As pictured above, I have a goodly amount of holiday reading. As anyone who reads will know, reading is in itself an explosive action: everything that you read links to something else, something of the same title, something by the same author, something on the same topic, something which agrees or disagrees. Reading opens the mind like a Fibonacci spiral, expanding exponentially in every direction. I have a list on my phone of books referenced in 'The Birth of Tragedy', either in the preface, in the text itself or in the explanatory notes, already it's 15 items long. I intend to read them all eventually - this new purpose mentioned before and this new knowledge rile each other up like rival football-team supporters, a violent symbiosis which cries for action.

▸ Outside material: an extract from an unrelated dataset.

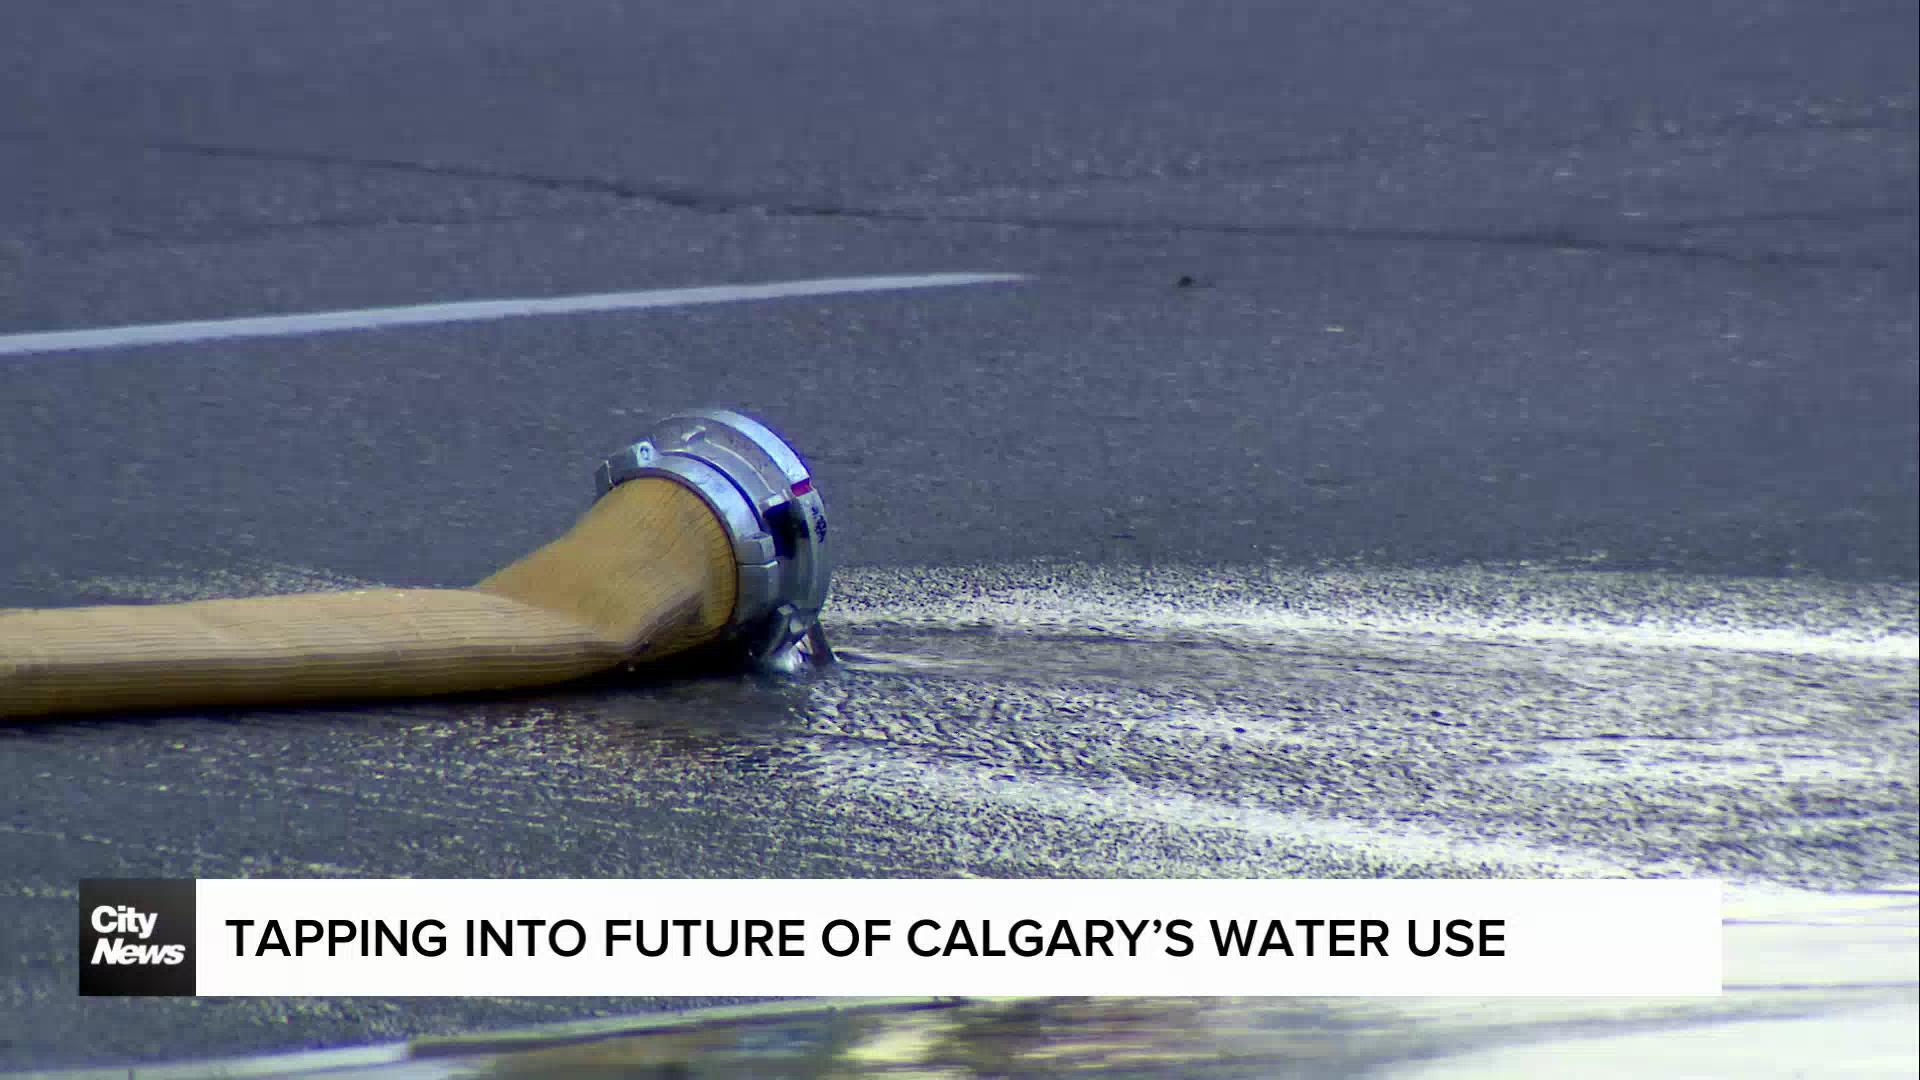 Tapping into future of Calgary's water use

The above are all on the same topic as 'The Birth of Tragedy', indeed I chose to read them immediately after as the preface cites them as being directly inspired by it. 'The Immoralist' and 'Death in Venice' both discuss the battle between Apollonian and Dionysian forces on a personal level, while 'The Plumed Serpent' is on a interpersonal level - a Dionysian political uprising in 1920's Mexico. These are all excellent for expanding on the subject discussed in 'The Birth of Tragedy', except conversely all of these are fiction, so it'll be fascinating to see how the 'false' internal monologue of these writers handles each topic - knowing the basis of the story in philosophy, it'll be interesting to try and deduce what the author's true internal monologue might sound like.

You may notice that 'Death in Venice' is actually 'Death in Venice and other stories' - a collection of 7 short stories by the same author, Thomas Mann, culminating in the final fictional interpretation of the battle between the Dionysian and the Apollonian. 6 other stories on different topics, giving a further expanded world view. As I say, it's like a fibonacci spiral. Read, read often, far and wide. Tether your own beliefs tightly to your waist and then jump into the sea of the human consciousness that is writing. Lose yourself in the riptide of existence and read - you can't go wrong.